The present study shows a lower HCV load in patients coinfected with HCV/HBV compared to HCV-monoinfected patients (619,000 and 1,815,000 IU/mL, respectively). In a study conducted in Europe, Marot et al. [29] also observed changes in the viral load, demonstrating a higher HCV load in monoinfected patients compared to dual-infected patients, which suggests that in co-infection there is suppression of HCV replication by the HBV superinfection, the which can result in a state of latent HCV infection.

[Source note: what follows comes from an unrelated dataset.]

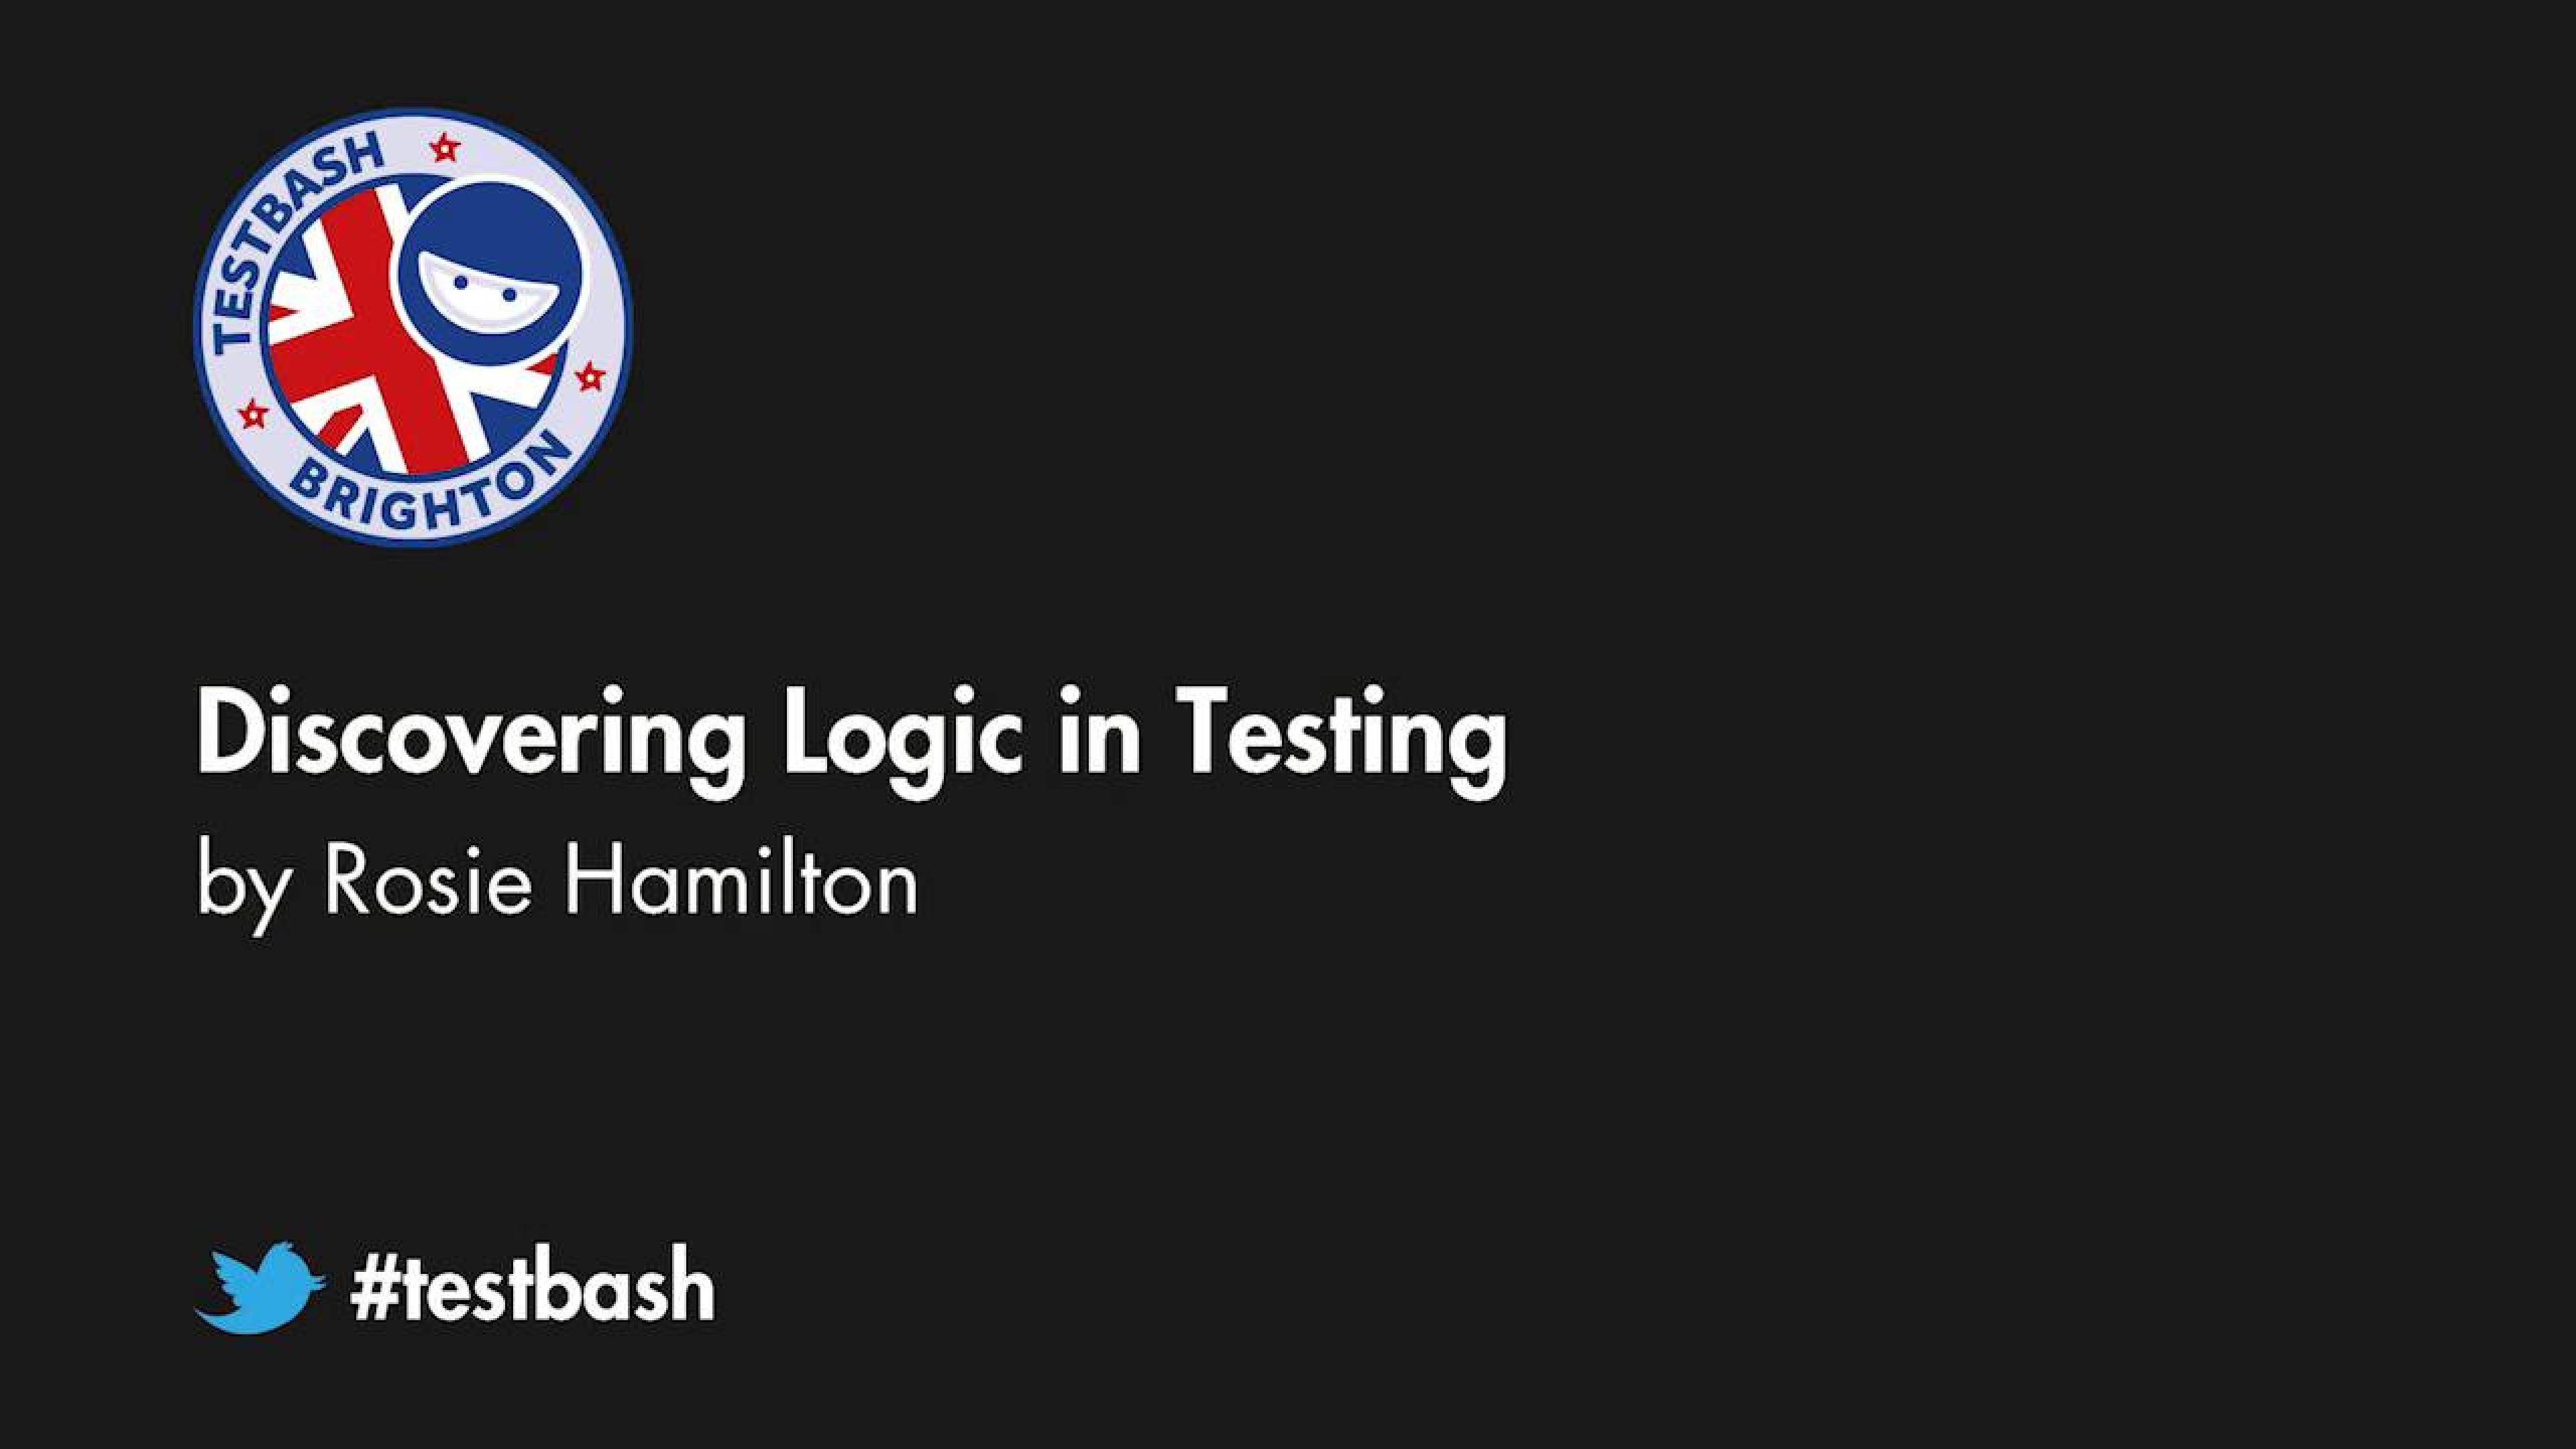 Discovering Logic In Testing - Rosie Hamilton

Comparison of the degree of fibrosis in this study revealed no significant difference between the monoinfected and coinfected patients. The association between coinfection and increased liver damage is contradictory. Some studies have demonstrated an association of HCV/HBV coinfection with increased liver damage and the risk of developing cirrhosis and hepatocellular carcinoma [8,9,28], while others do not report this association [28,29]. Cardoso et al. did not find any association between occult HBV infection and clinical picture, virological, and histological data, and their work suggests that cohort studies should be performed to identify the real impact of occult HBV in patients with liver disease [30].

5. Conclusions

An interaction between these viruses was observed in the present study, in which the monoinfected patients had a larger number of HCV RNA copies than the coinfected patients. There was no association of coinfection with increased liver damage despite a slight increase in fibrosis and transaminase levels, which, however, were not statistically significant. Further studies are necessary to better understand this interaction, as well as the analysis and comparison with a group of HBV-monoinfected patients.